Abstract

Obsessive-compulsive disorder (OCD) preferentially responds to a class of antidepressants called serotonin reuptake inhibitors (SRI). This review discusses certain issues unique to pharmacological treatment of OCD: choice of SRI, dose and duration of treatment, options after first failed SRI trial and treatment of SRI non-responders. We performed a MEDLINE search for pharmacotherapy studies published until December 2006. In addition, the reference sections of major articles, and reviews were also screened. We also considered clinical guidelines and narrative reviews in writing this review. The SRIs are equally effective in treating OCD. Meta-analyses suggest that clomipramine may be superior to other SRIs. OCD tends to respond to higher doses of SRIs than that used to treat depression. Response to treatment is usually delayed and may take up to 8-12 weeks. Atypical antipsychotics are the only proven augmenting agents in SRI non-responders. Cognitive behaviour therapy (CBT) is an effective treatment strategy in treating OCD and possibly has a role in treating SRI non-responders. Side effect profile and drug-drug interactions largely determine the choice of SRI. Those who fail to respond to one SRI trial may well respond to another SRI trial.

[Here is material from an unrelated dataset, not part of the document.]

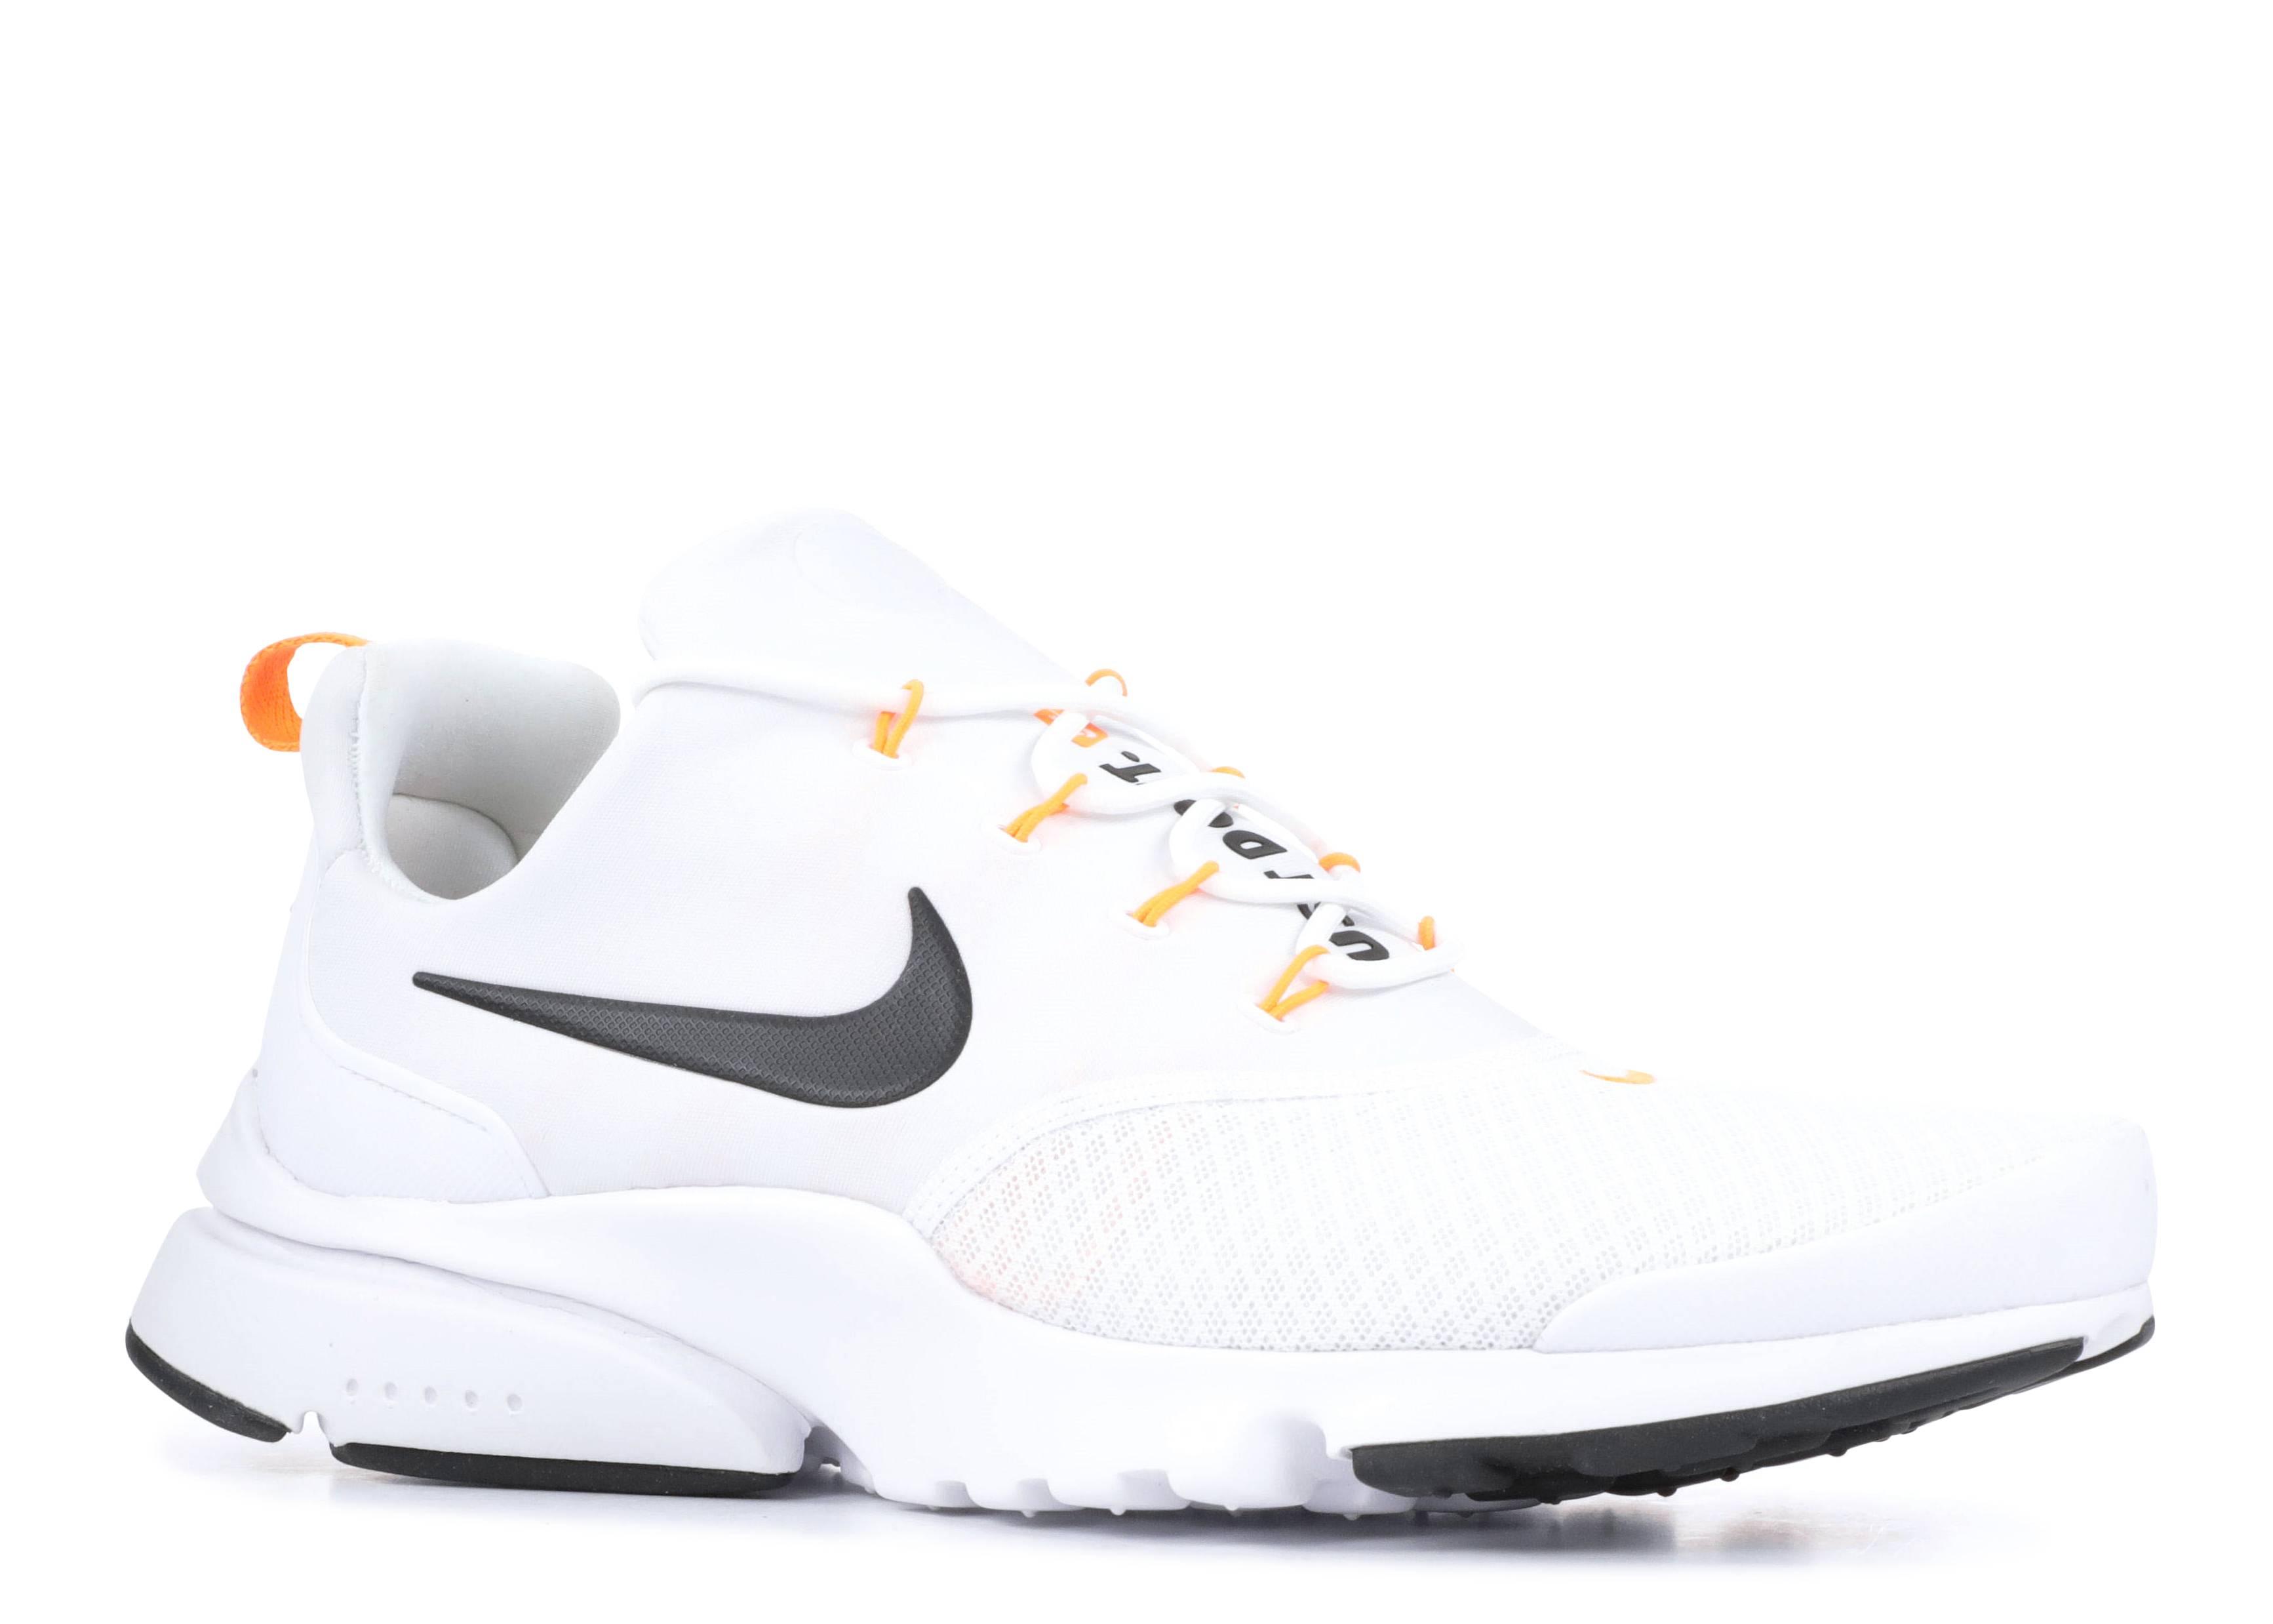 promo code 69ad3 b25d0 Nike Presto Fly Jdi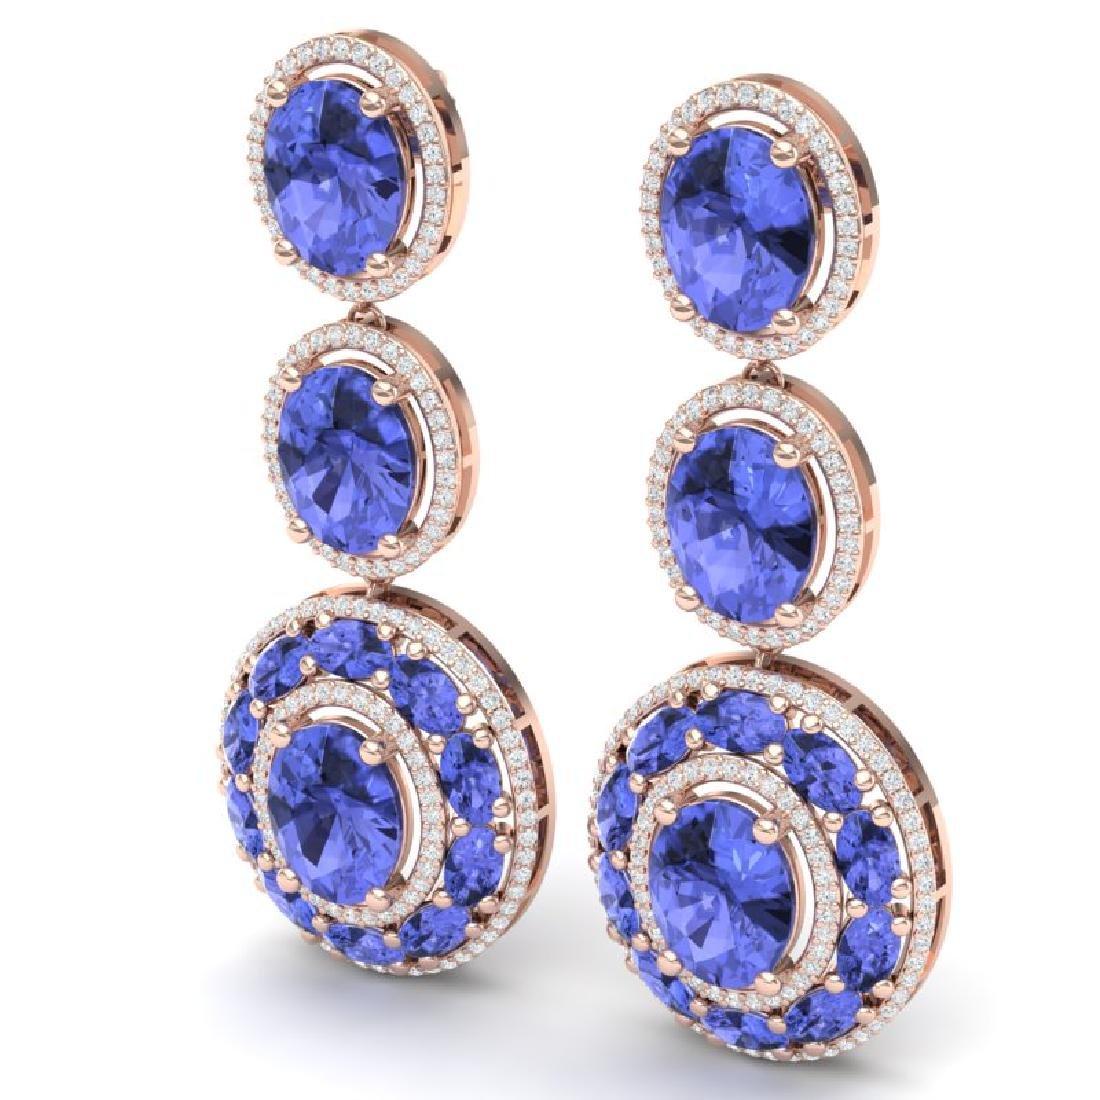 33.72 CTW Royalty Tanzanite & VS Diamond Earrings 18K - 2

Clomipramine is recommended if 2-3 trials of SRIs fail to produce response. Atypical antipsychotics are the first-line augmenting agents in SRI non-responders. CBT should be considered in all patients with OCD and is a potential option in SRI non-responders. OCD is a chronic and debilitating disorder. In responders, SRIs have to be continued in the same doses (if possible) for a minimum of 1-2 years and may be lifelong in those with persistent symptoms and in those with multiple relapses. CBT has to be offered in combination with SRIs wherever facilities for CBT exist.